**ASSIGNED TASK:** The copy must hold exactly the lines from the one with "Passion of Chinchon, traditional" through the end of the listing below, and nothing else, with no pictures.

**PROVIDED MATERIAL:**
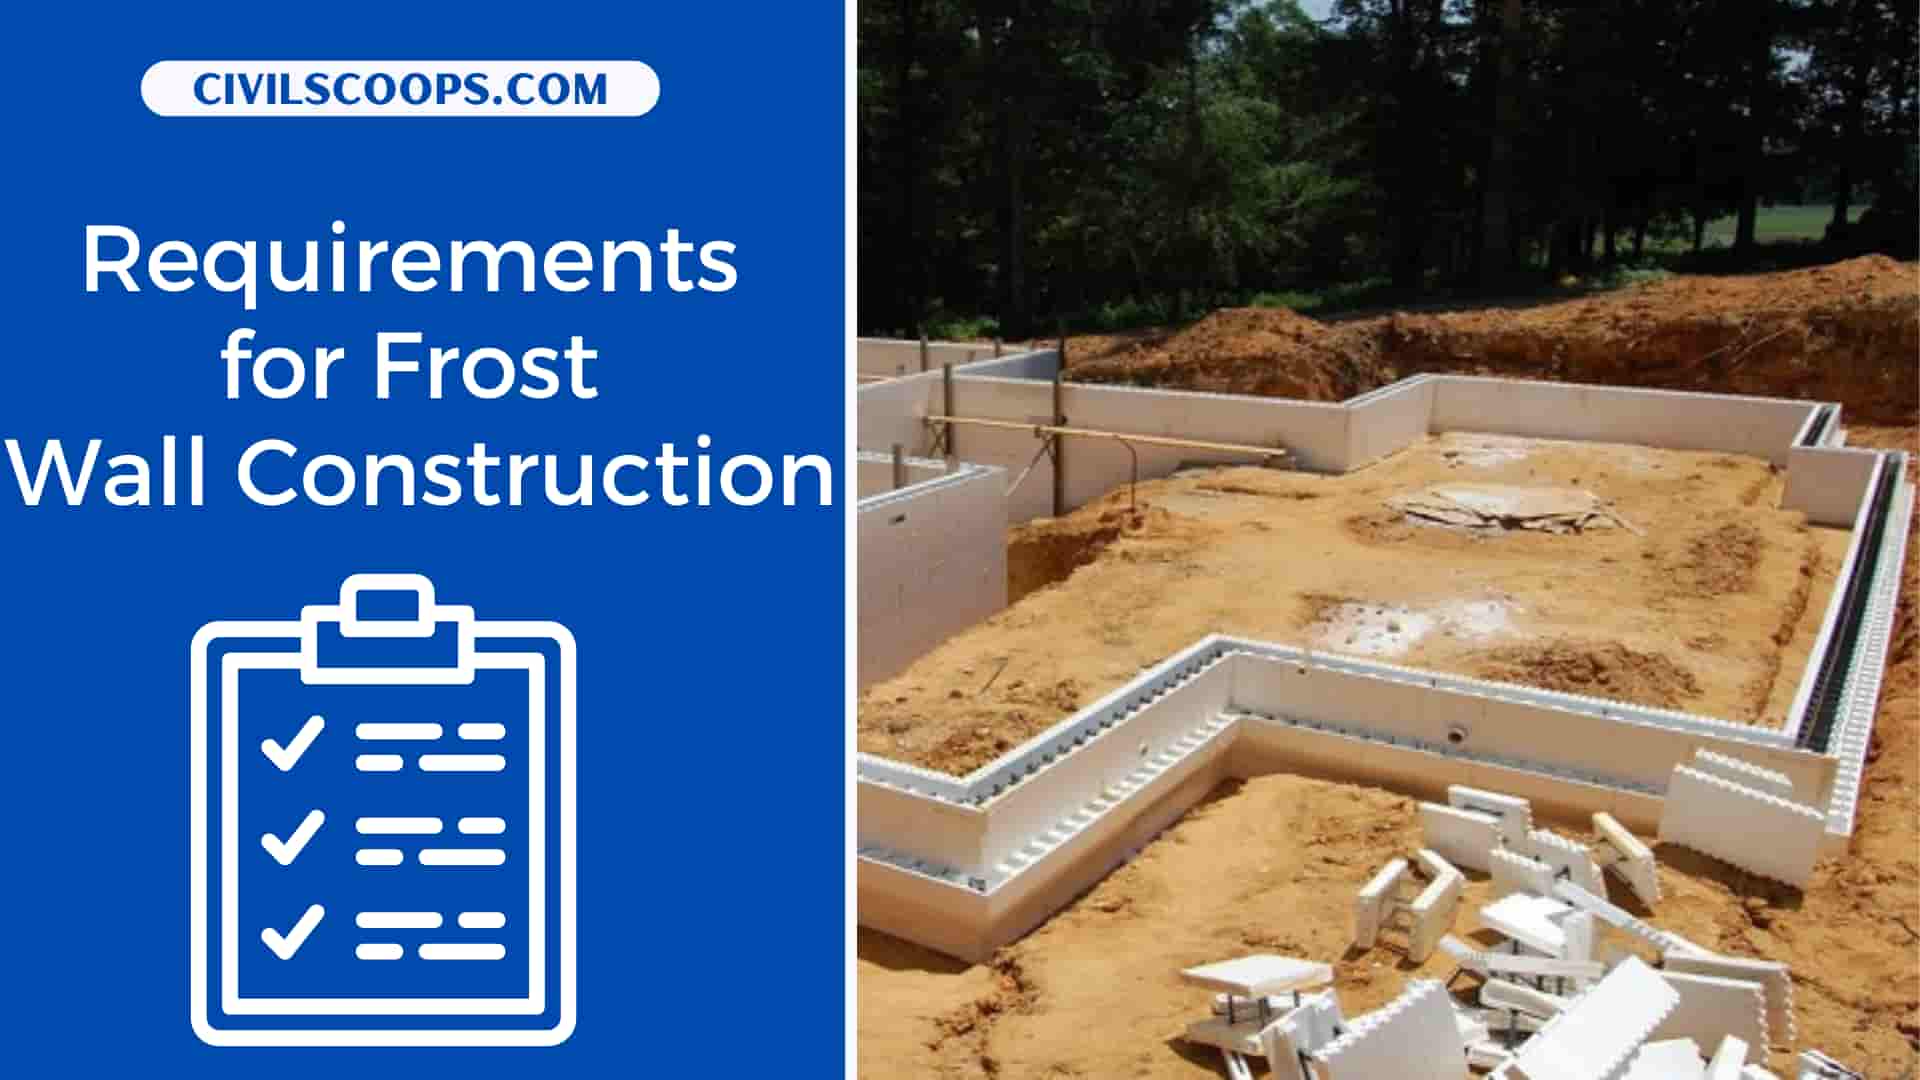 Requirements for Frost Wall Construction
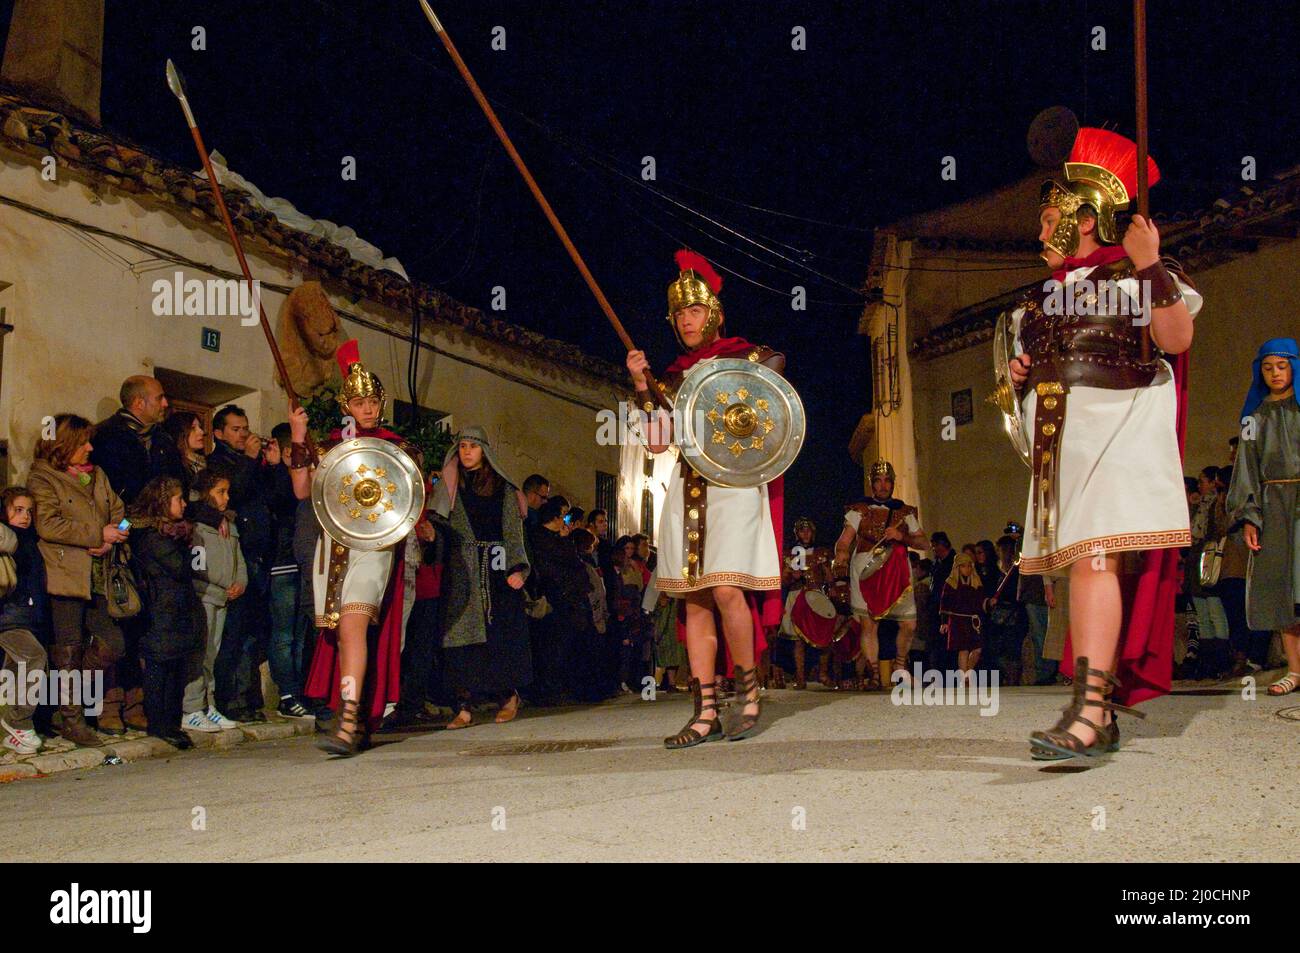 Passion of Chinchon, traditional Holy Week performance. Chinchon, Madrid province, Spain. Stock Photo
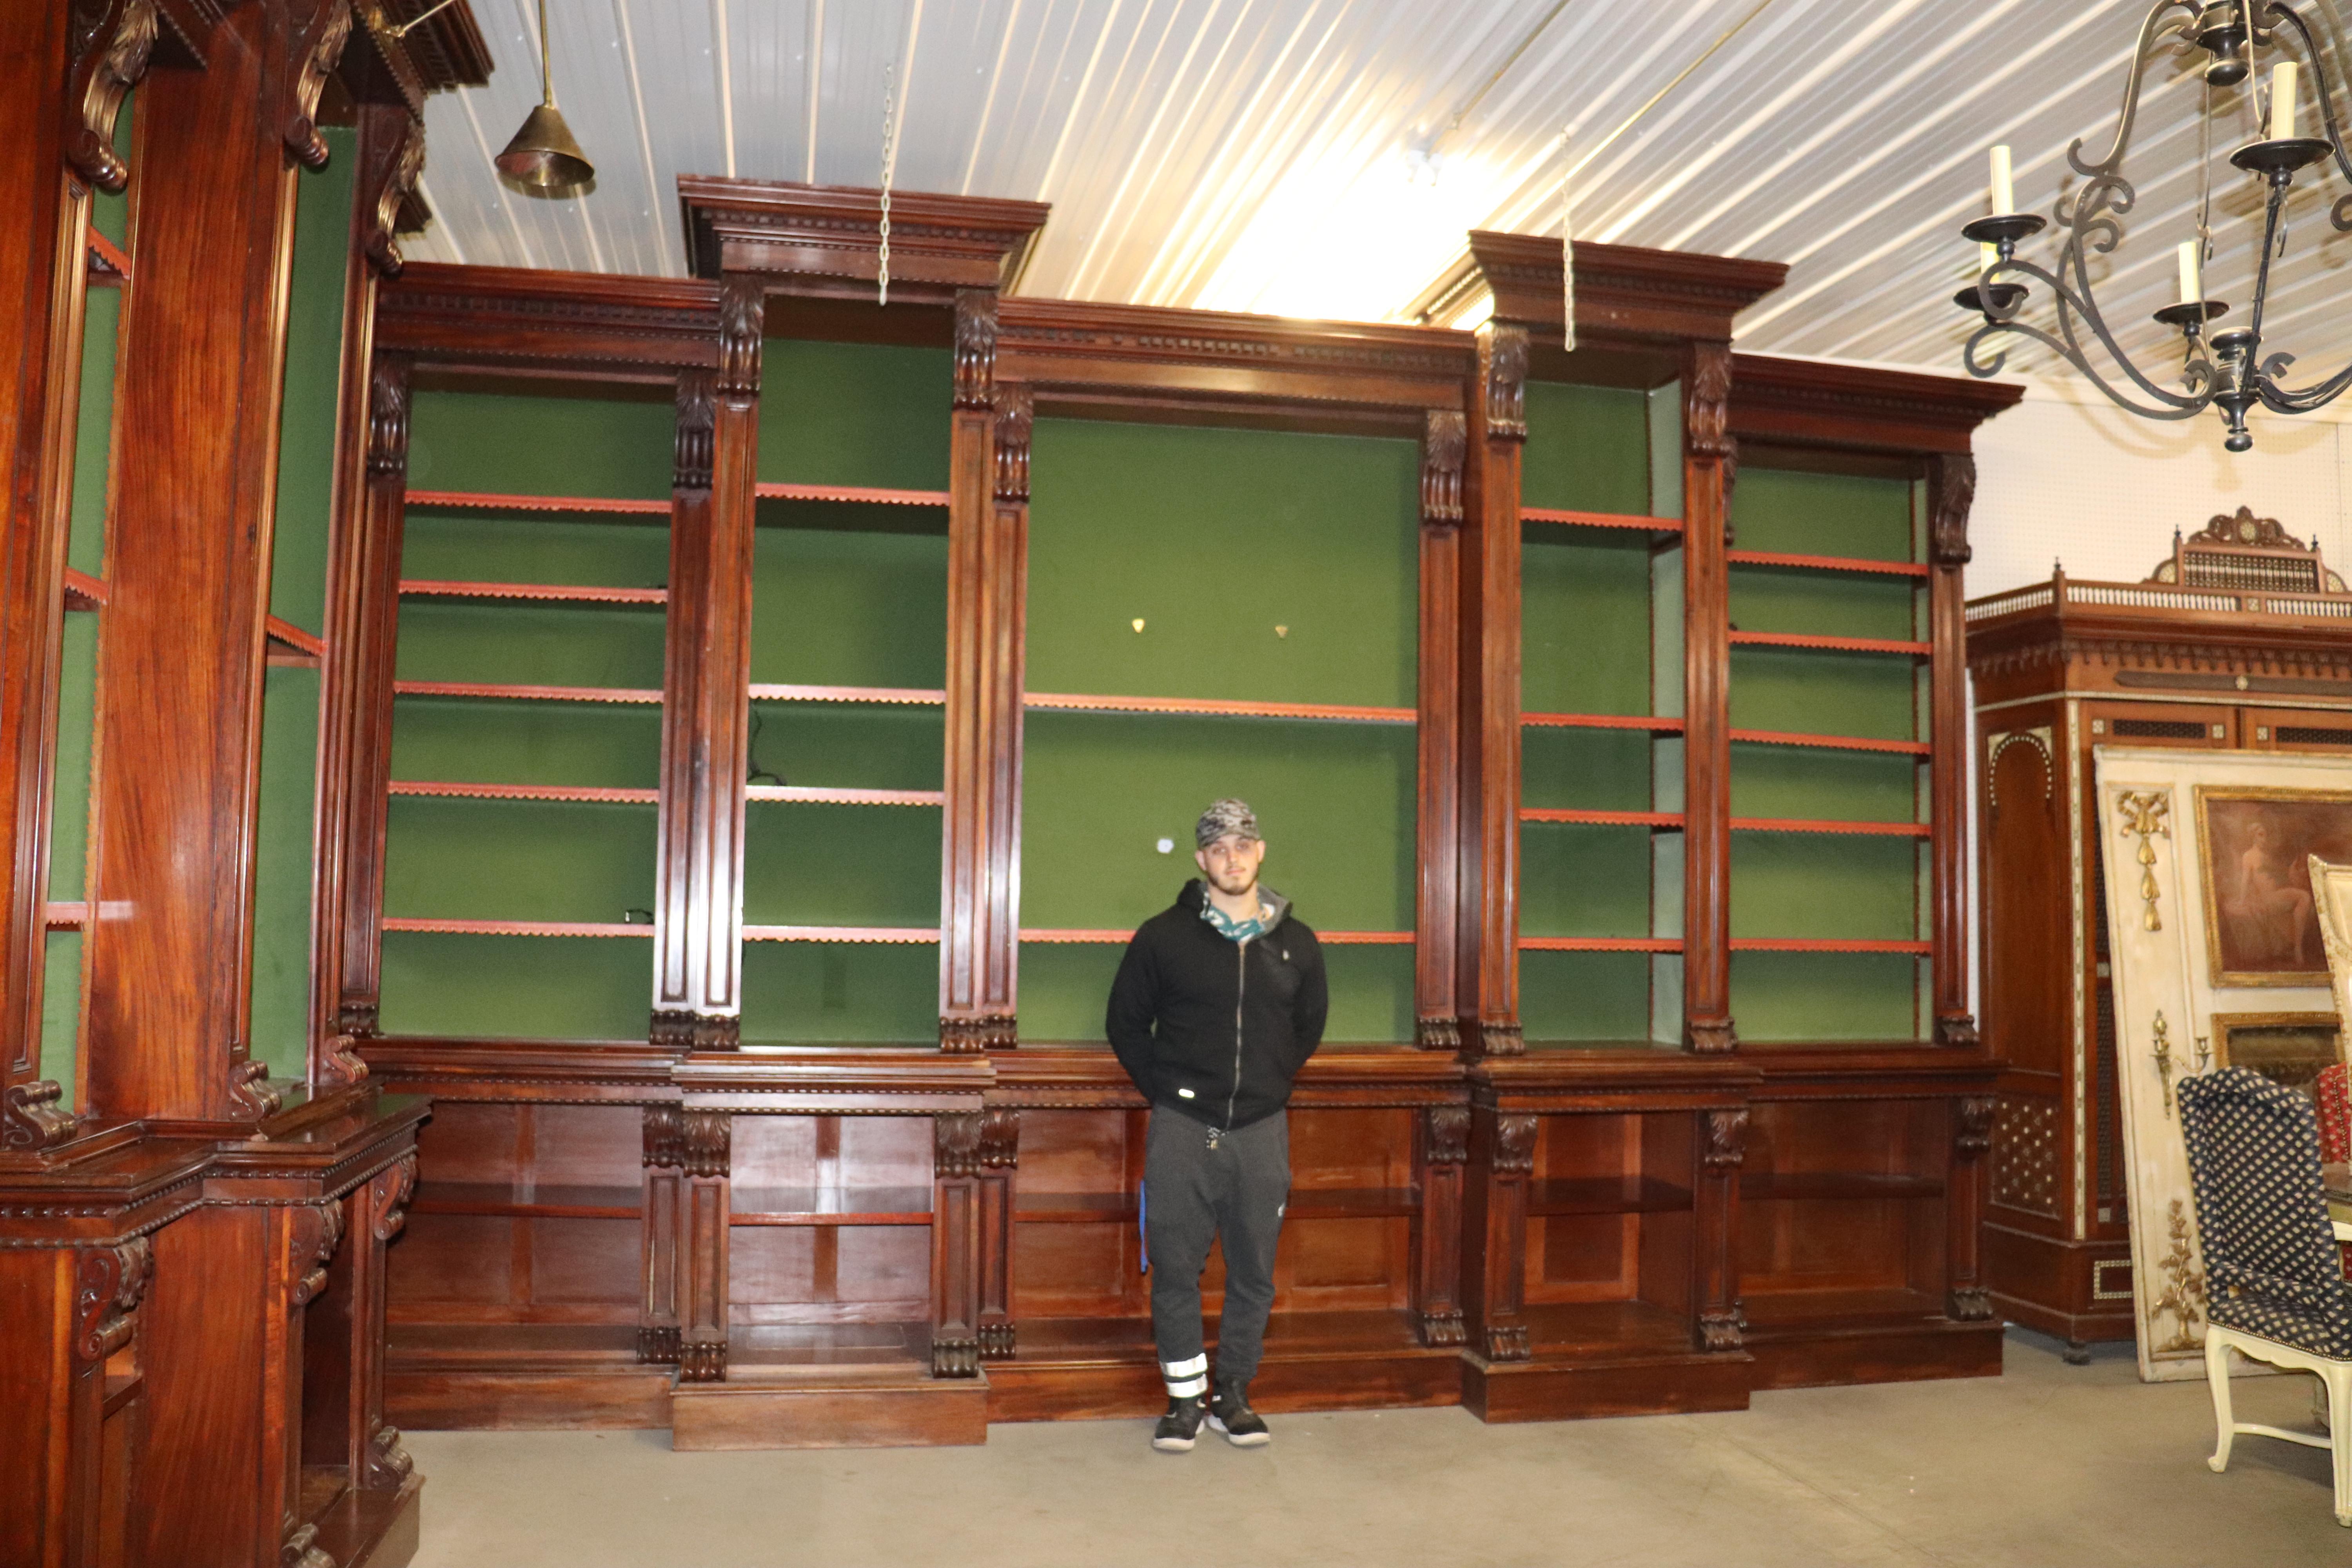 This is part of a 3-piece set and can be purchased as a set or separately. The bookcases were custom made for a bank owned by the Dupont family. They are made up of many pieces and do come completely apart. They have all been wired for electricity.

**OUTPUT FOR THIS EXERCISE:**
 Passion of Chinchon, traditional Holy Week performance. Chinchon, Madrid province, Spain. Stock Photo
 This is part of a 3-piece set and can be purchased as a set or separately. The bookcases were custom made for a bank owned by the Dupont family. They are made up of many pieces and do come completely apart. They have all been wired for electricity.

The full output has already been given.